Inflation in New Zealand fell within the Reserve Bank of New Zealand's (RBNZ) target range of 1% to 3% in Q3, allowing the central bank to consider further significant interest rate cuts.

Statistics New Zealand reported on Wednesday that annual inflation decreased to 2.2% in the third quarter, marking the first time it has been within this range since March 2021. In Q2, inflation was recorded at 3.3%, having peaked at 7.3% in June 2022, Reuters reports.

Kiwibank's chief economist, Jarrod Kerr, stated in a note that the central bank can claim victory in its battle against inflation.

“The light at the end of the tunnel is burning brighter. Cost pressures are easing. Policy settings are still restrictive, but more interest rate cuts are coming,” he said.

Furthermore, the consumer price index increased by 0.6% in the third quarter compared to the previous quarter. Economists surveyed by Reuters had predicted a 0.7% rise quarter-on-quarter and a 2.2% increase year-on-year, while the central bank anticipated year-on-year inflation of 2.3%.
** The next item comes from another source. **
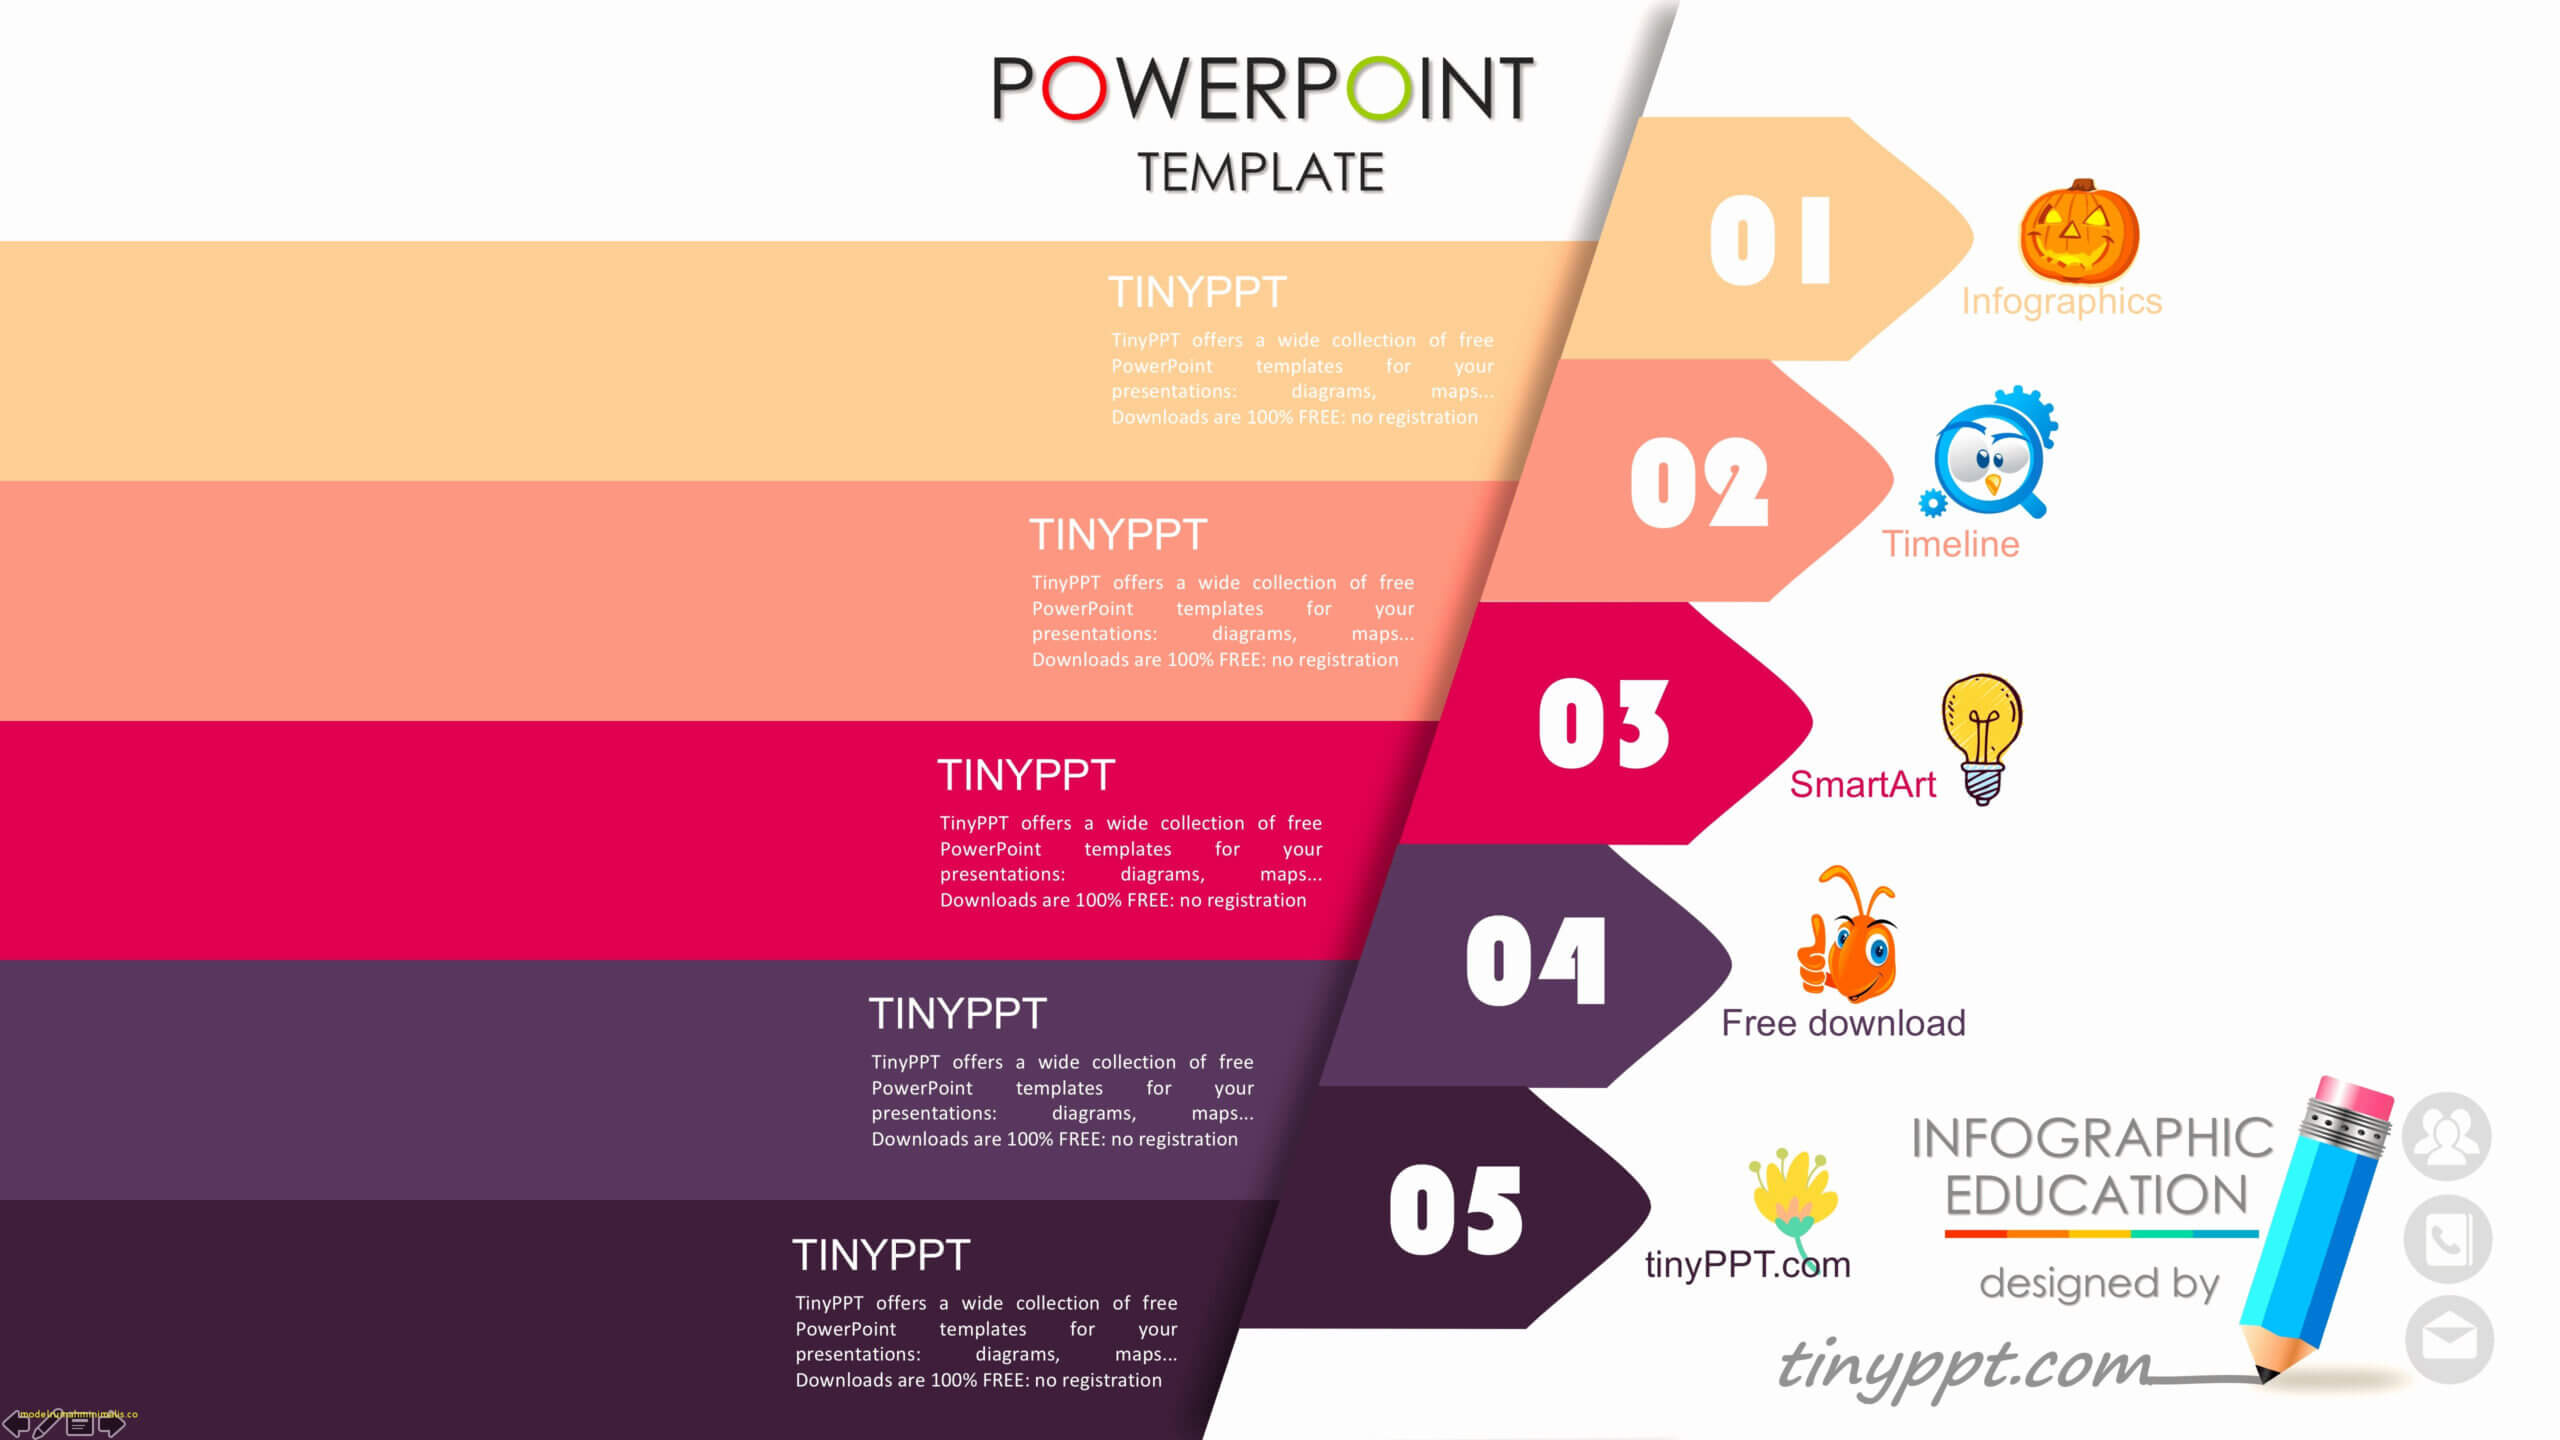 Fantastic Animated Powerpoint Templates Free Download 2007 Intended For Powerpoint 2007 Template Free Download

Following the data release, which was in line with expectations, the New Zealand Dollar remained relatively stable.

Since August, New Zealand's central bank has reduced the official cash rate by 75 basis points, concluding that inflation has returned to its target range of 1% to 3% and is approaching the 2% midpoint. 

The bank is forecast to keep cutting rates over the next year to boost the economy, which is facing challenges partly due to elevated interest rates.

According to ASB Bank senior economist Mark Smith, although ASB predicts the central bank will slash rates by 50 basis point next month, the “risks are tilted to more front loaded policy easing.”

The central bank has not yet succeeded in addressing non-tradeable inflation, which, according to Statistics New Zealand, fell to 4.9% in Q3, down from 5.4% in the previous quarter.